## Available data
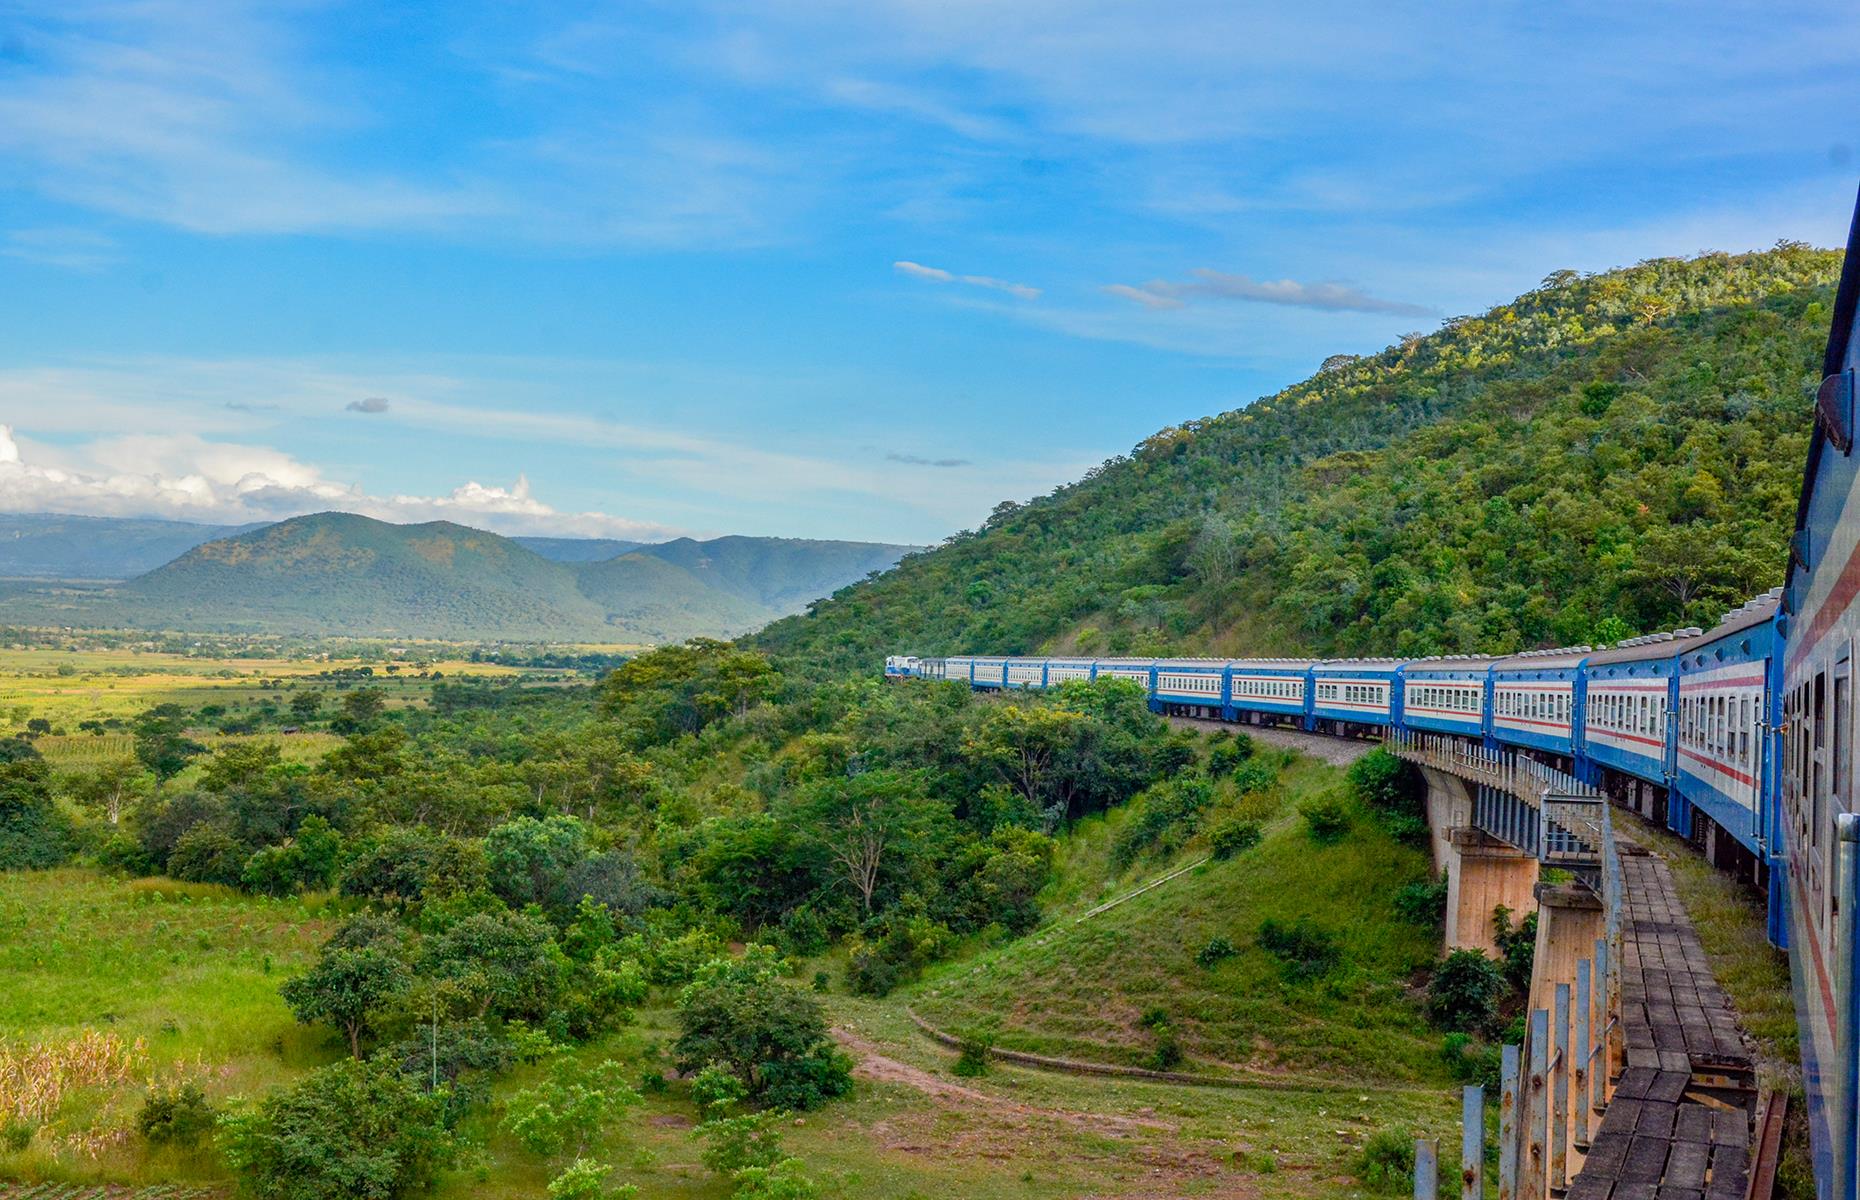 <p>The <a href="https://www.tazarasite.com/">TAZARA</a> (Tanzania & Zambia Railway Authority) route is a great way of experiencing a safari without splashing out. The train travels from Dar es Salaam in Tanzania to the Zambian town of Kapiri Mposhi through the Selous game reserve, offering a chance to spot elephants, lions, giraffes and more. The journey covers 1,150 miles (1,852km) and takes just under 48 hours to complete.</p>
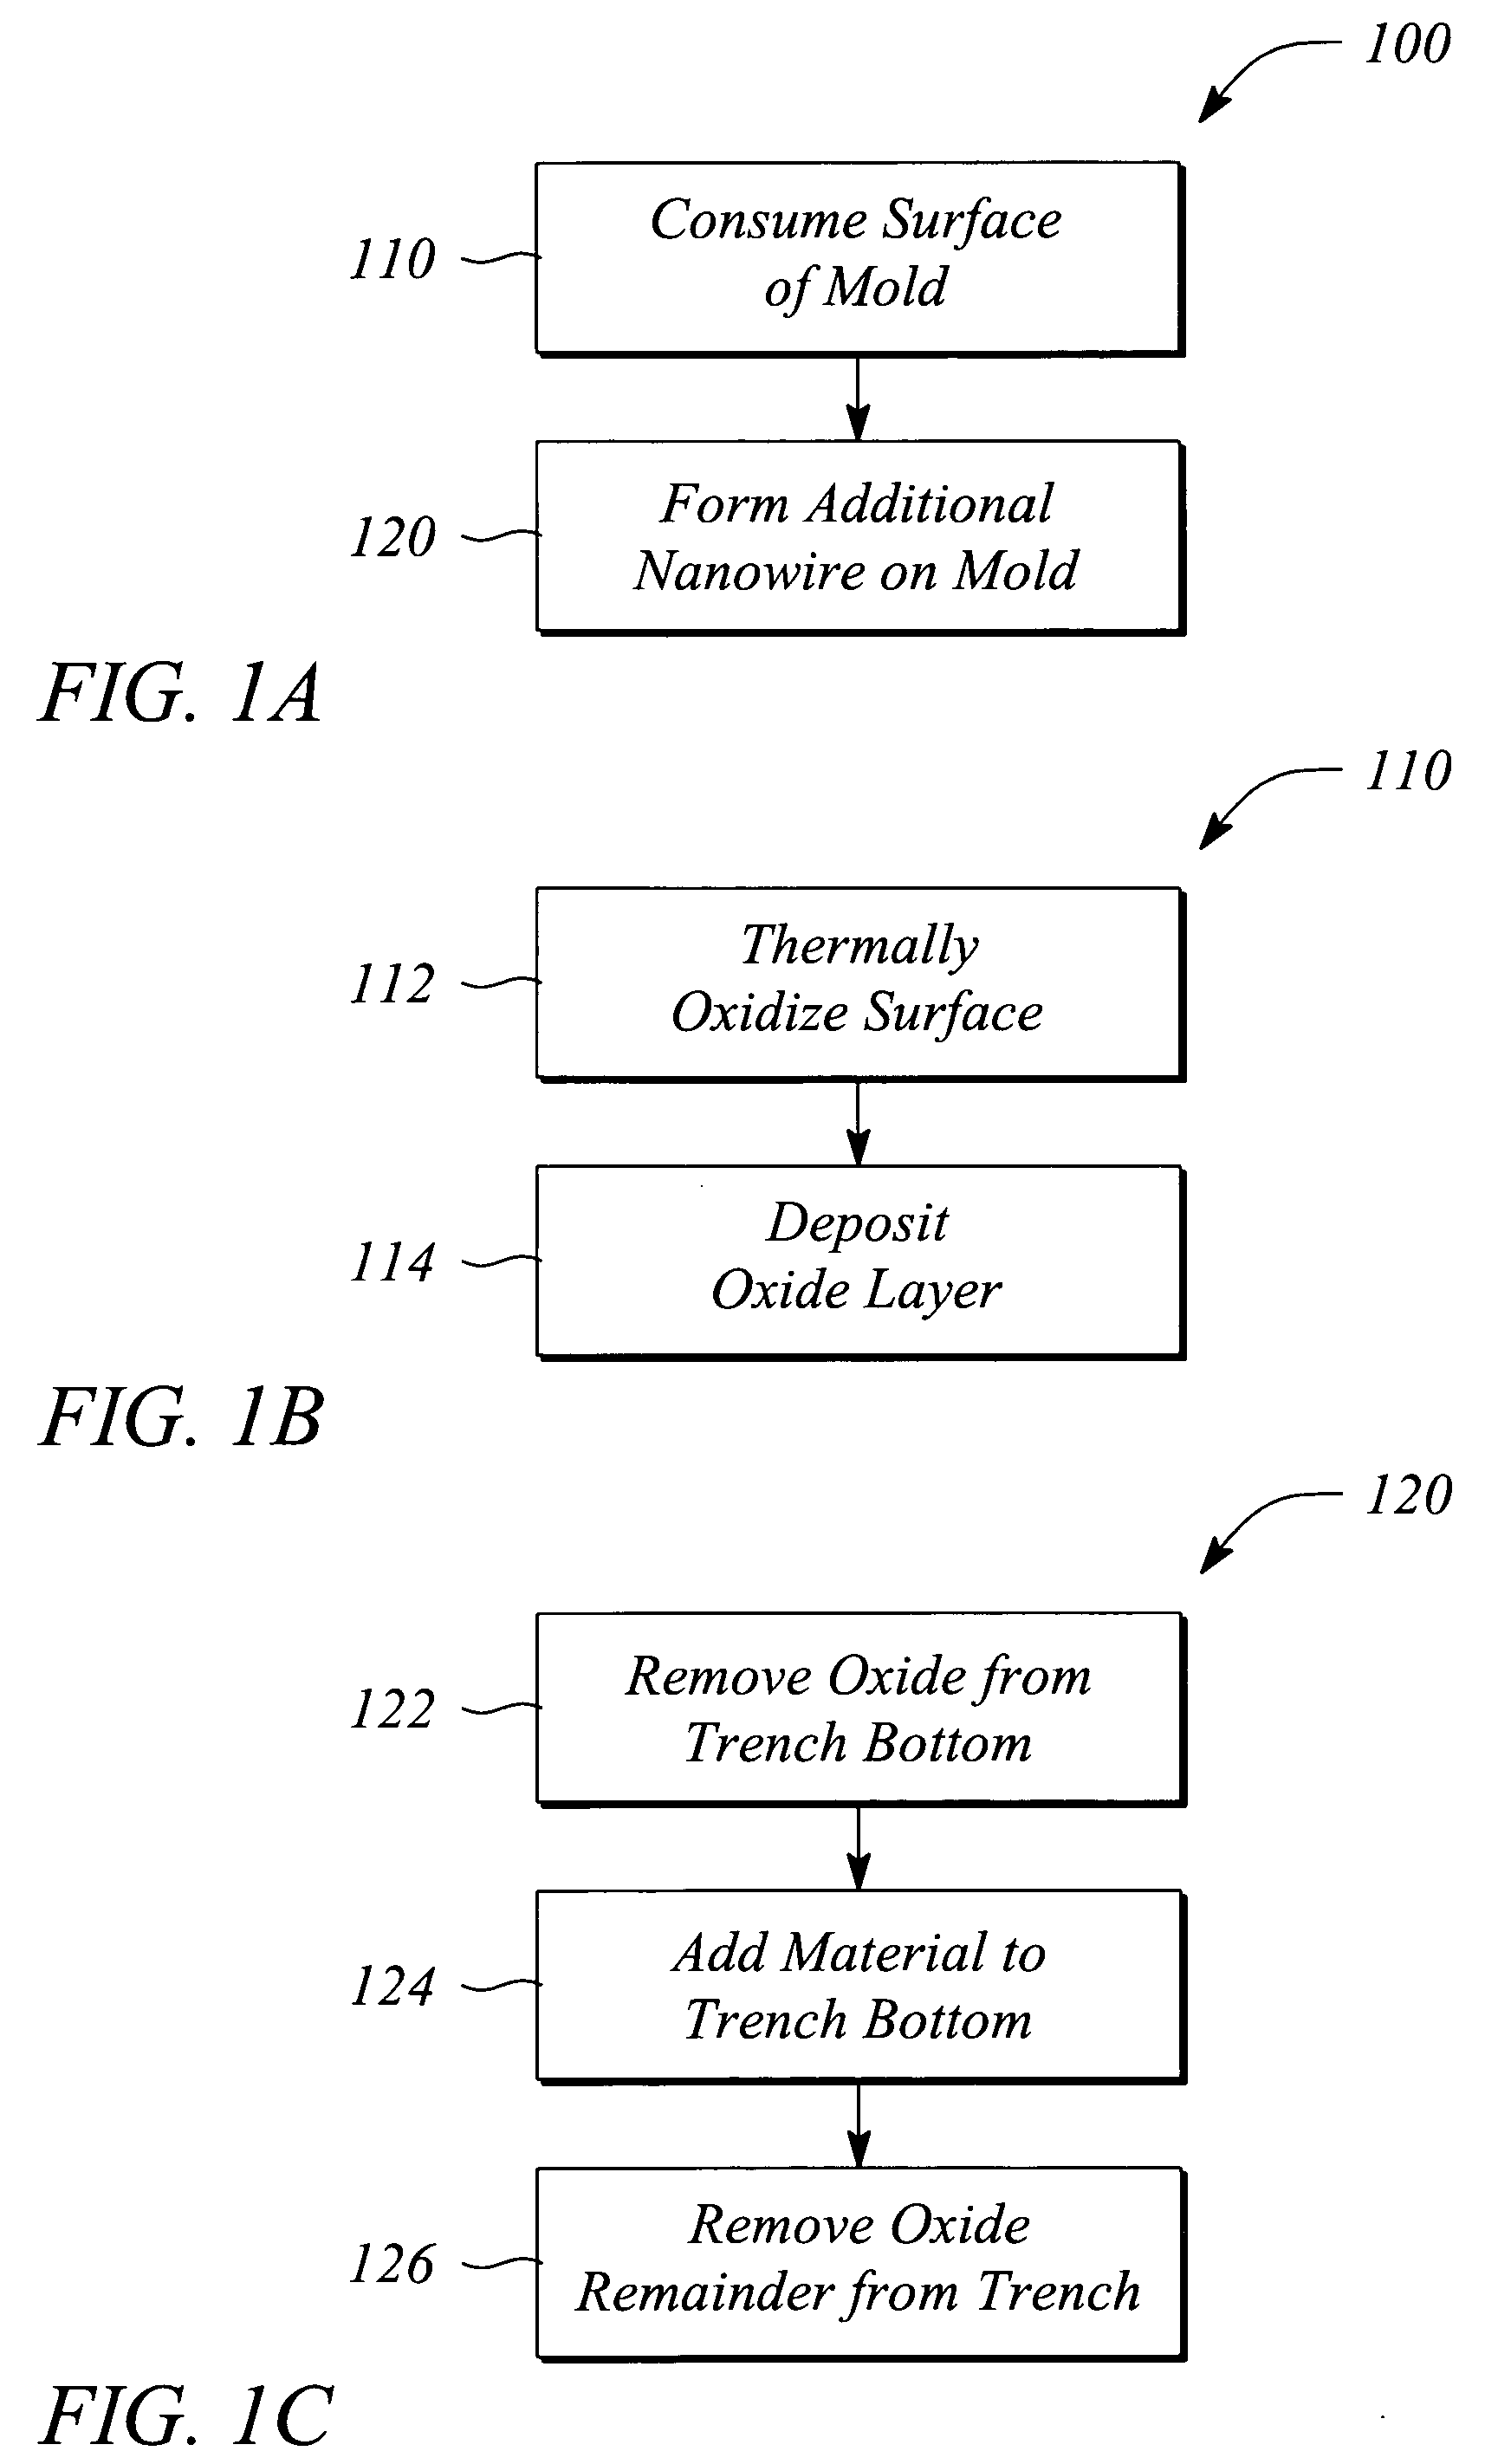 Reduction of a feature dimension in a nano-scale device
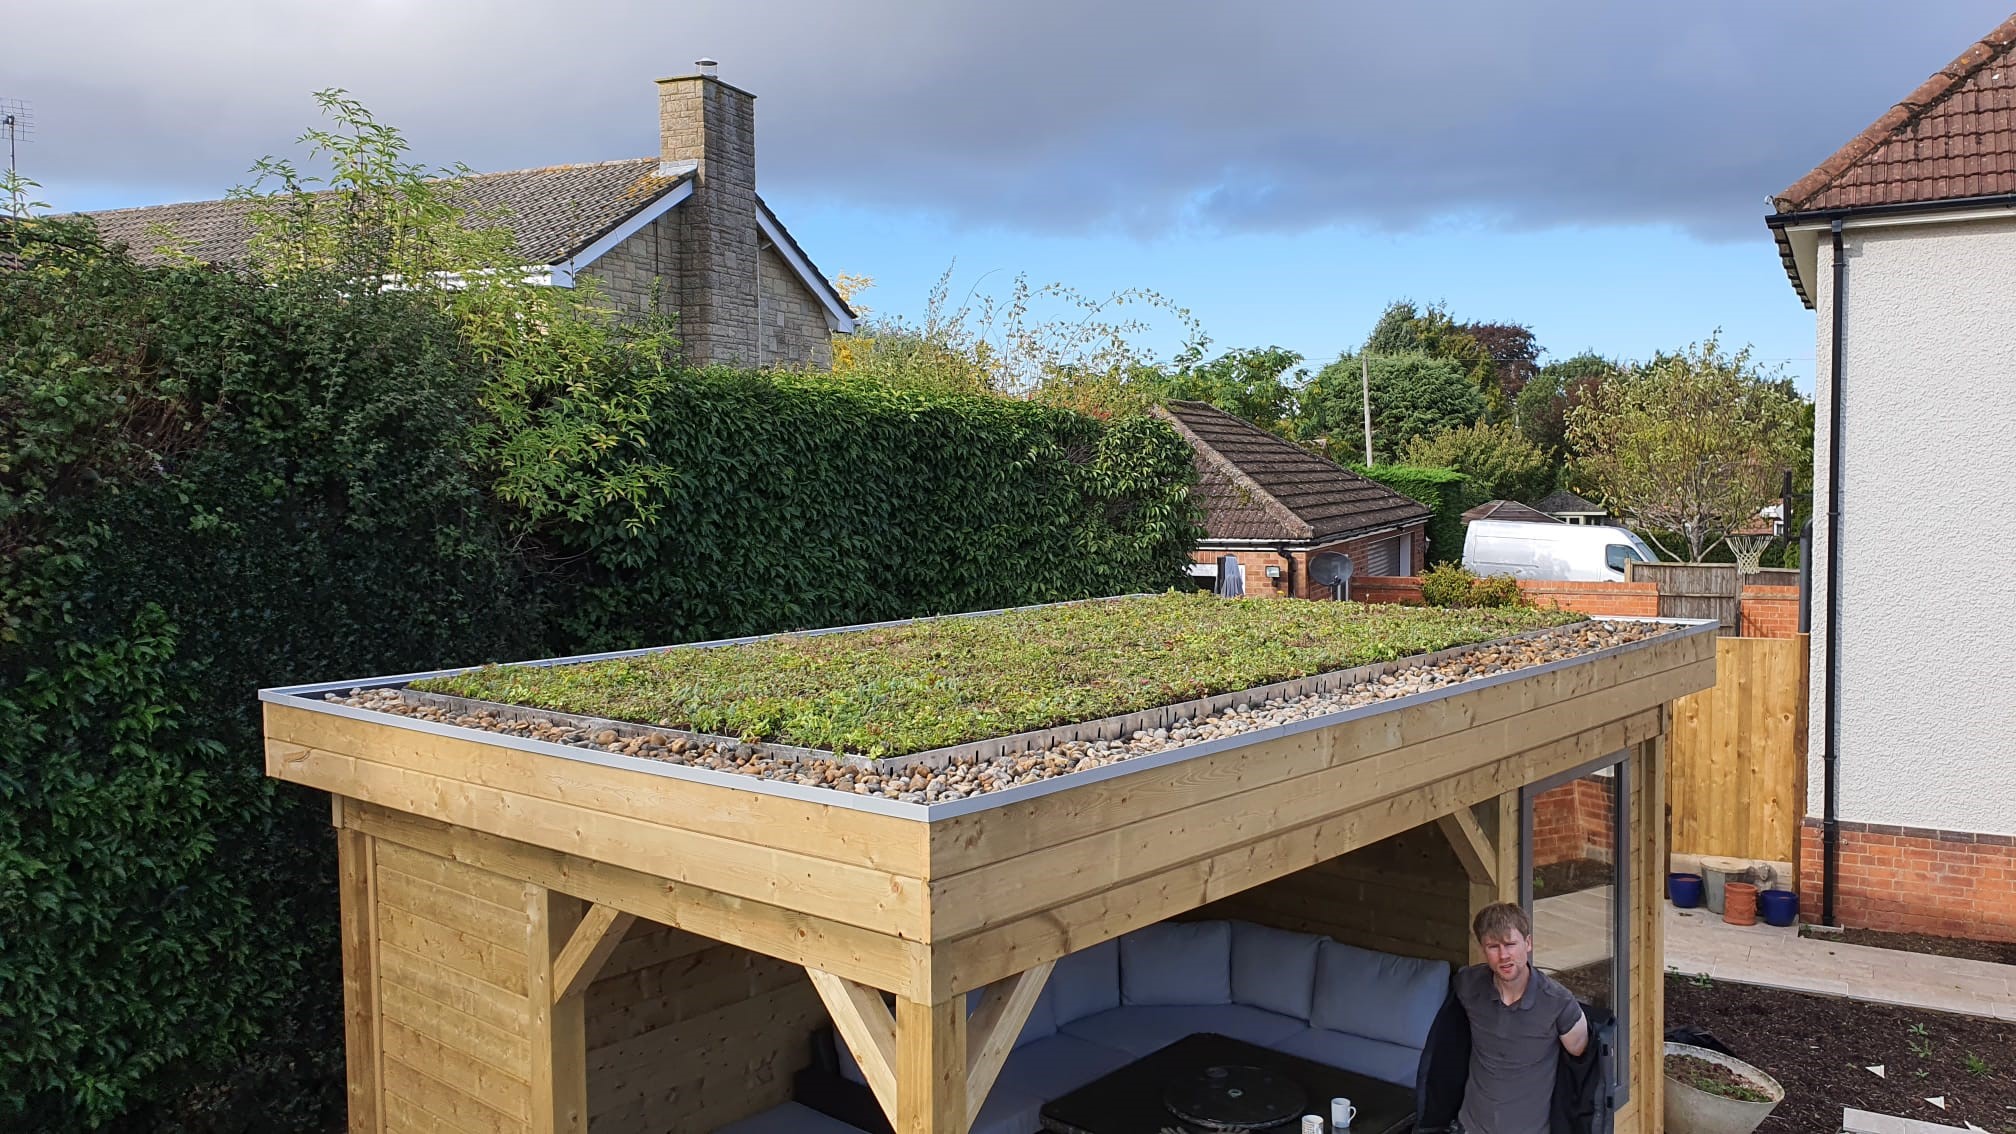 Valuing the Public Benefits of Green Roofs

## Problem details
The expected output is the material above, repeated exactly and free of pictures.

## Response box
 <p>The <a href="https://www.tazarasite.com/">TAZARA</a> (Tanzania & Zambia Railway Authority) route is a great way of experiencing a safari without splashing out. The train travels from Dar es Salaam in Tanzania to the Zambian town of Kapiri Mposhi through the Selous game reserve, offering a chance to spot elephants, lions, giraffes and more. The journey covers 1,150 miles (1,852km) and takes just under 48 hours to complete.</p>
 Reduction of a feature dimension in a nano-scale device
 Valuing the Public Benefits of Green Roofs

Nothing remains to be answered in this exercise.